Background: We investigated the percentage of insufficiently active adolescents who became young adults meeting moderate to vigorous physical activity (MVPA) guidelines. We also explored adolescent psychosocial and environmental factors that predicted MVPA guideline adherence in young adulthood. Methods: Participants included N = 1001 adolescents (mean age = 14.1 y) reporting < 7 hours per week of MVPA and followed (8 y later) into young adulthood through Project EAT. We examined mean weekly hours of MVPA, MVPA change between adolescence and young adulthood, and the proportion of participants meeting MVPA guidelines in young adulthood. With sex-stratified logistic regression, we tested 11 adolescent psychosocial and environmental factors predicting meeting MVPA guidelines in young adulthood.
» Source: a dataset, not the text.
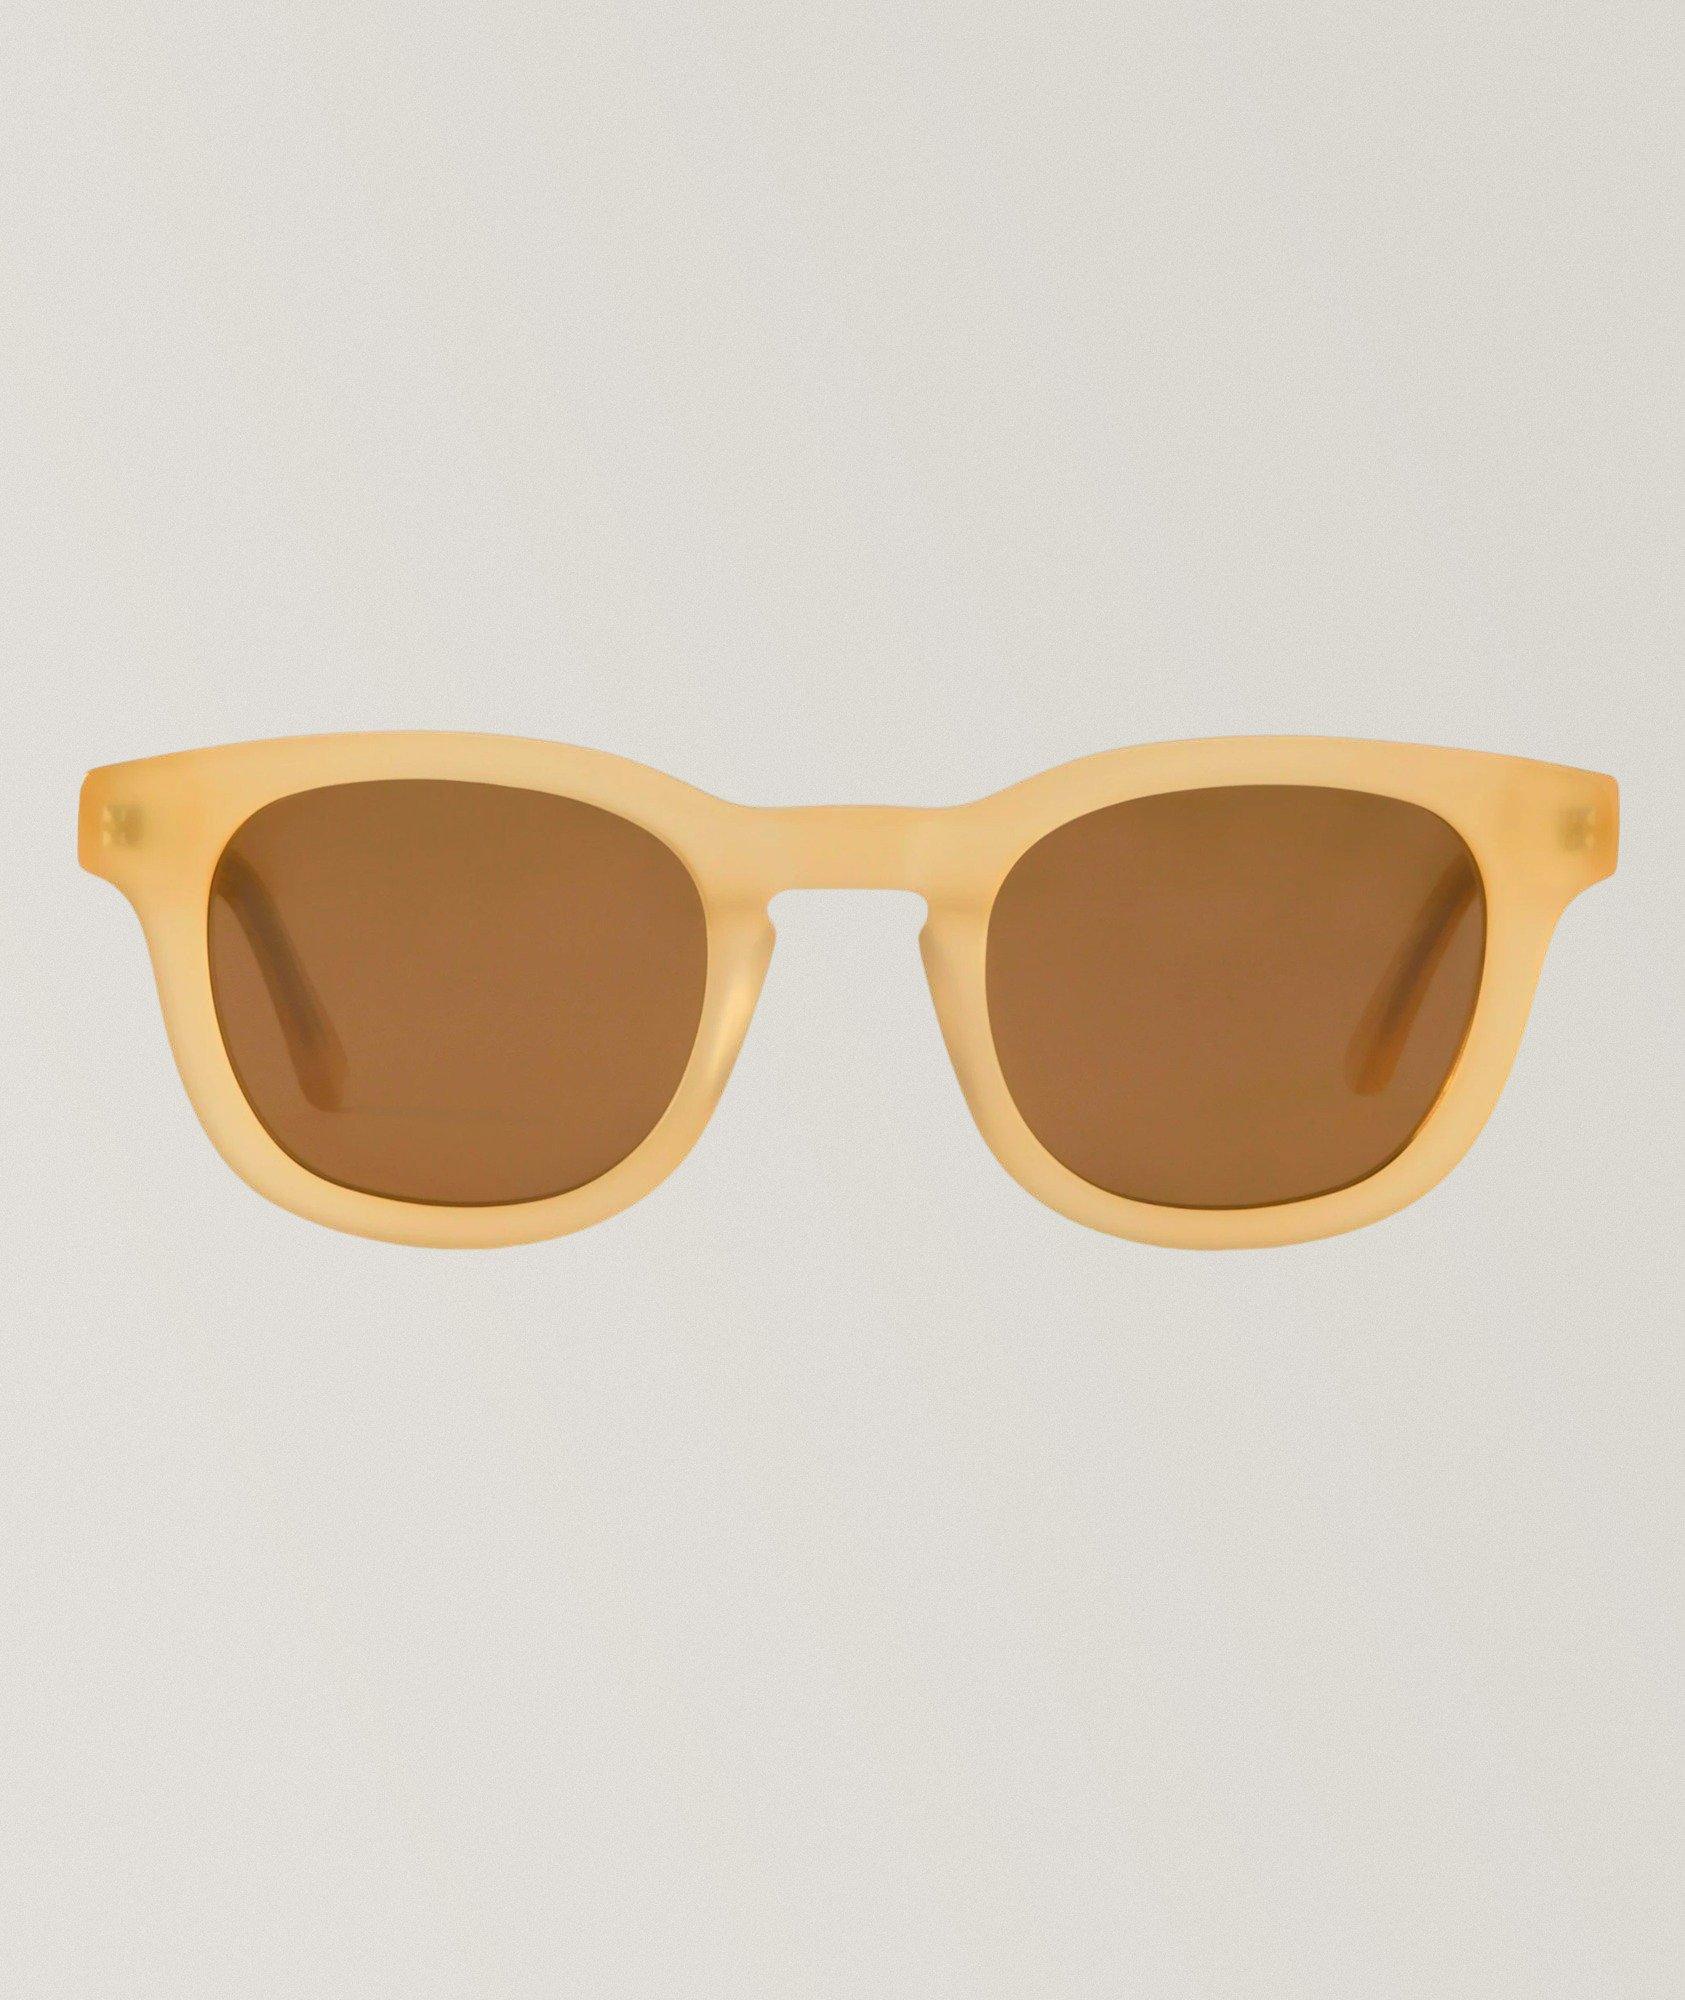 Claude Wayfarer Sunglasses image 1

Results: Overall, 55% of insufficiently active adolescents became young adults meeting MVPA guidelines. On average, participants reported 3.0 hours per week of MVPA, which improved to 3.8 hours per week in young adulthood. Among female participants, higher MVPA in adolescence and stronger feelings of exercise compulsion predicted greater odds of meeting adult MVPA guidelines (odds ratioMVPA = 1.18; odds ratiocompulsion = 1.13). Among female and male participants, perceived friend support for activity in adolescence predicted greater odds of meeting adult MVPA guidelines (odds ratiofemale = 1.12; odds ratiomale = 1.26). Conclusions: Insufficiently active adolescents can later meet adult guidelines. Interventions that increase perceived friend support for activity may benefit individuals across development.